Recorded data START

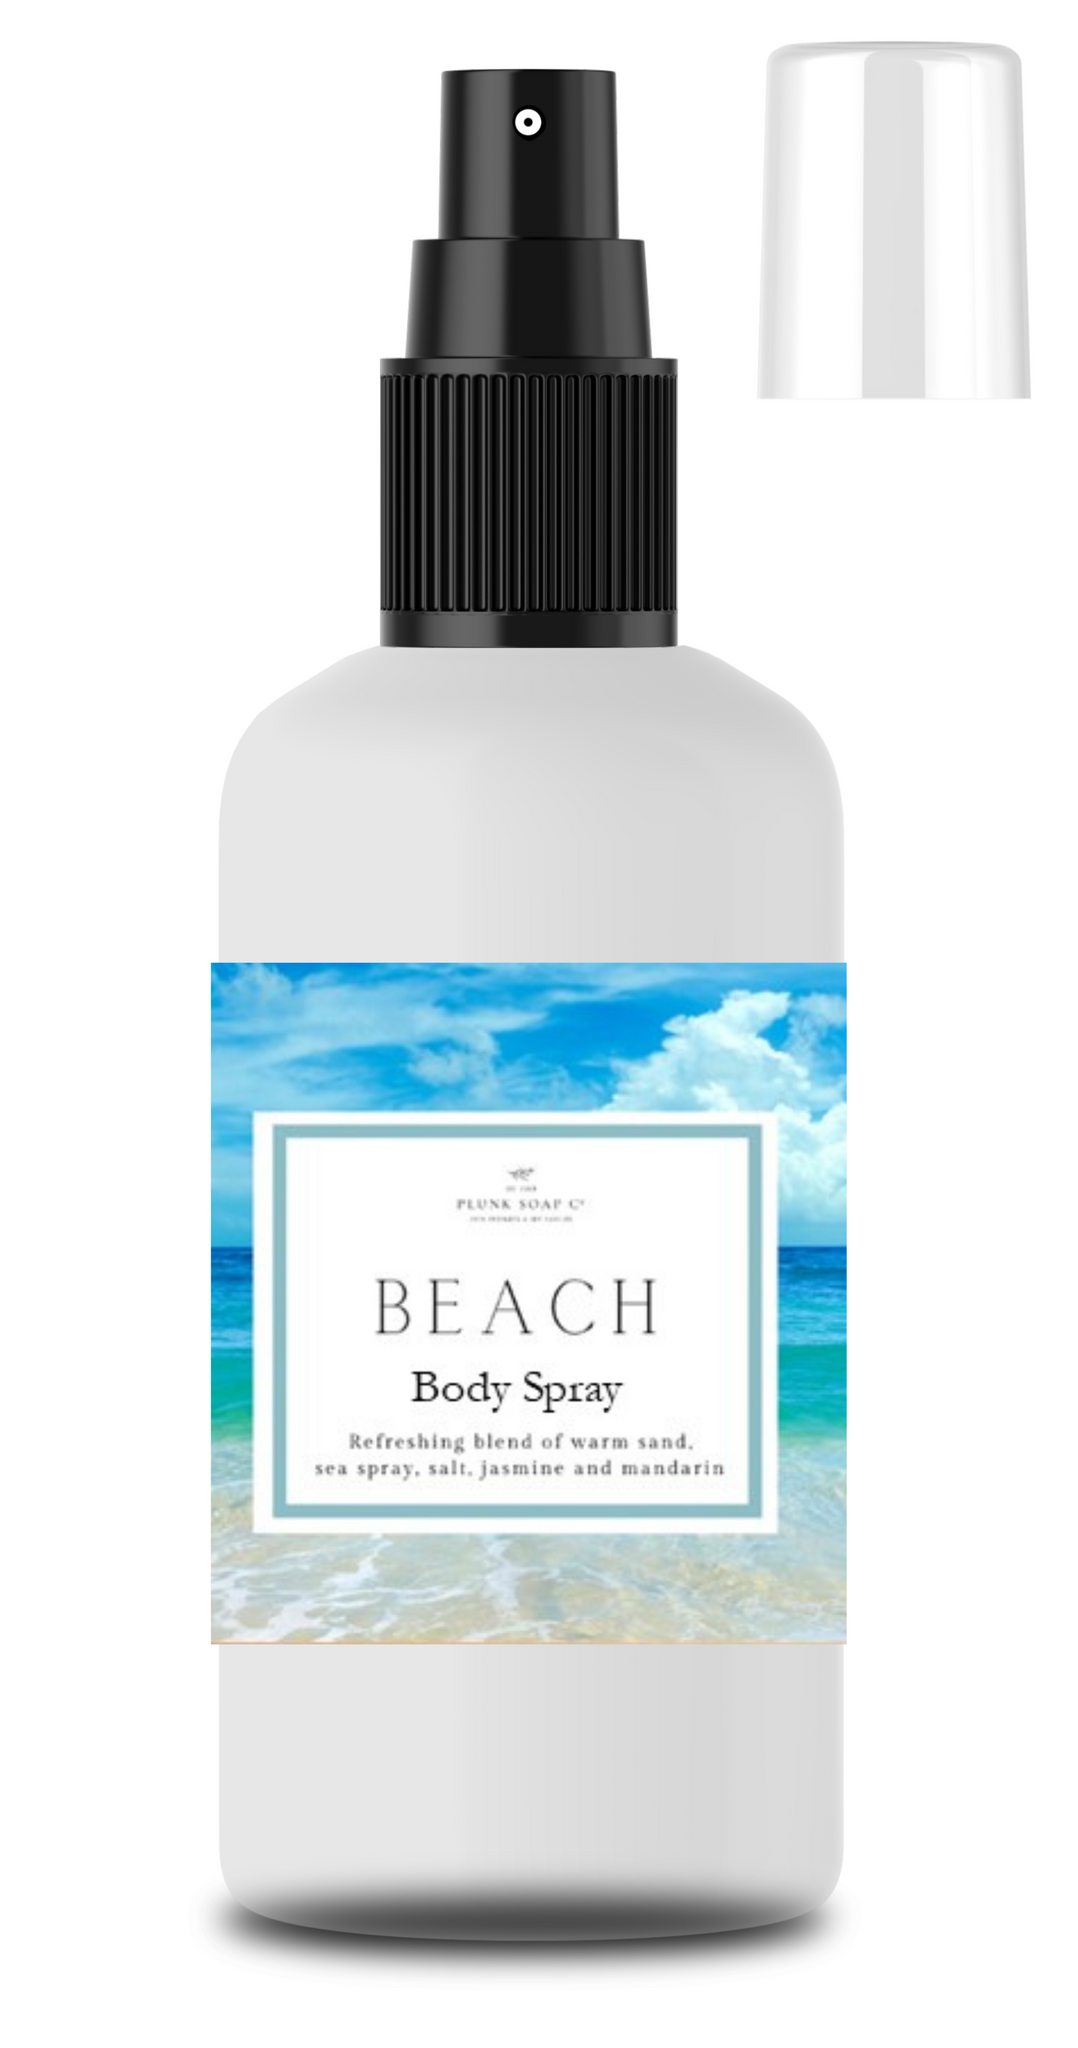 Beach scented body spray
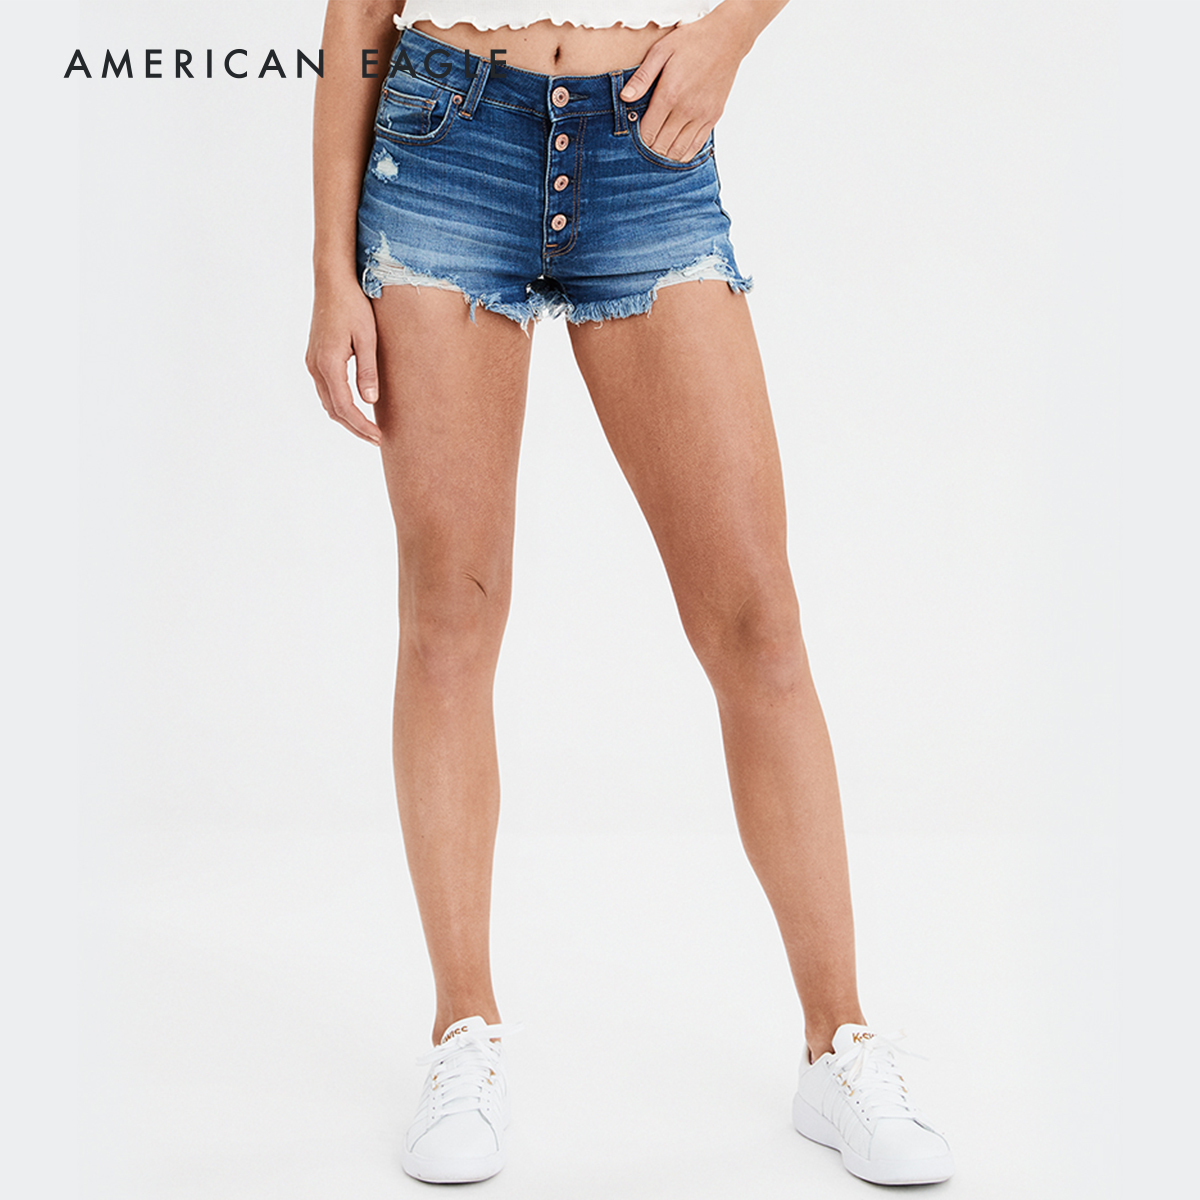 American Eagle High-Waisted Denim Short Short กางเกง ขาสั้น ผู้หญิง ยีนส์ เอวสูง ( WSS 033-5440-929) สี EASY BREEZY BLUE สี EASY BREEZY BLUE
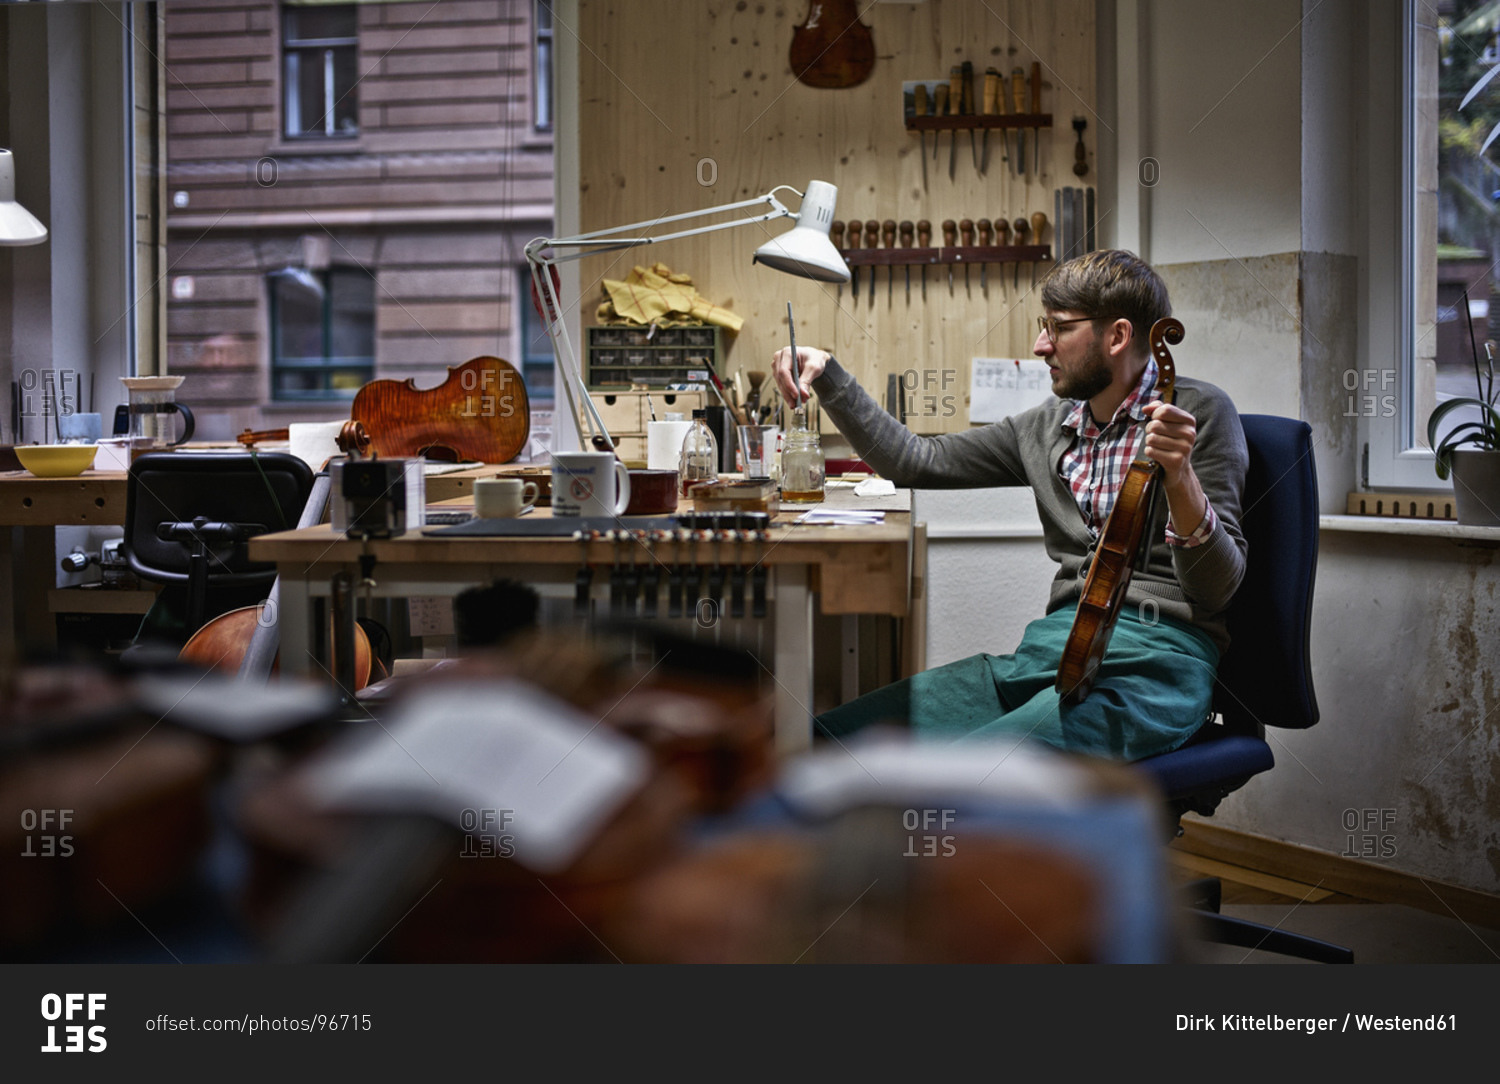 Violin maker in his workshop varnishing repaired violin

Recorded data END

**Your assignment**
The whole listing above must be duplicated word for word, apart from its pictures.

**Reply**
 Beach scented body spray
 American Eagle High-Waisted Denim Short Short กางเกง ขาสั้น ผู้หญิง ยีนส์ เอวสูง ( WSS 033-5440-929) สี EASY BREEZY BLUE สี EASY BREEZY BLUE
 Violin maker in his workshop varnishing repaired violin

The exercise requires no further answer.